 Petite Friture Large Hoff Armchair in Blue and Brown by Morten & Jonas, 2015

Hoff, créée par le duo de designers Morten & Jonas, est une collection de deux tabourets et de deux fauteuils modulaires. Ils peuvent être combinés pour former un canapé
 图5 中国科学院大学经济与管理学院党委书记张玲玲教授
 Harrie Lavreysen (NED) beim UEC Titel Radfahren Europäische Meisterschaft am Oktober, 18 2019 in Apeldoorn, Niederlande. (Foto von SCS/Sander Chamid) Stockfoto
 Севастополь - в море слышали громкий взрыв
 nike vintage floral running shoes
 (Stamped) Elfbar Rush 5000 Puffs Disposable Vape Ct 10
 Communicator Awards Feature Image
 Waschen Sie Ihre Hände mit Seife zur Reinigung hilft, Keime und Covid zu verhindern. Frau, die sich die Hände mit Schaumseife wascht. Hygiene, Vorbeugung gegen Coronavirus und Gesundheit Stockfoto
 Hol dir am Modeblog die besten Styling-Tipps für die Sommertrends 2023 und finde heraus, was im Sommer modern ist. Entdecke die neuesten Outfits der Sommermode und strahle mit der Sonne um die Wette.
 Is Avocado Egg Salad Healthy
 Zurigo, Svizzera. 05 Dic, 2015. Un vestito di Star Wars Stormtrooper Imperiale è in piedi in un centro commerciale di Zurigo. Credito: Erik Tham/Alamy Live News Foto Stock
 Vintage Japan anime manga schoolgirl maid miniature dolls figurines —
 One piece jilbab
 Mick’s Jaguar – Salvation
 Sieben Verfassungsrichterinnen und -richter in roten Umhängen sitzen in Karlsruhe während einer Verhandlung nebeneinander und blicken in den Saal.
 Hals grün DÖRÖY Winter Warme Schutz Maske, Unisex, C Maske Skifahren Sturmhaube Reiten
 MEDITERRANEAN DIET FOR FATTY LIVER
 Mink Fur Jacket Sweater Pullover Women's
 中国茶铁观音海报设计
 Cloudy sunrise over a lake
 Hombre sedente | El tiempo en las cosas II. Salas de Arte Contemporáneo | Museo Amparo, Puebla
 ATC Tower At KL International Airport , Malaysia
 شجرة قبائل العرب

Activity: Scan the entries above for the string "Jonas", and copy every line where it turns up.

The completed task:
 Petite Friture Large Hoff Armchair in Blue and Brown by Morten & Jonas, 2015
Hoff, créée par le duo de designers Morten & Jonas, est une collection de deux tabourets et de deux fauteuils modulaires. Ils peuvent être combinés pour former un canapé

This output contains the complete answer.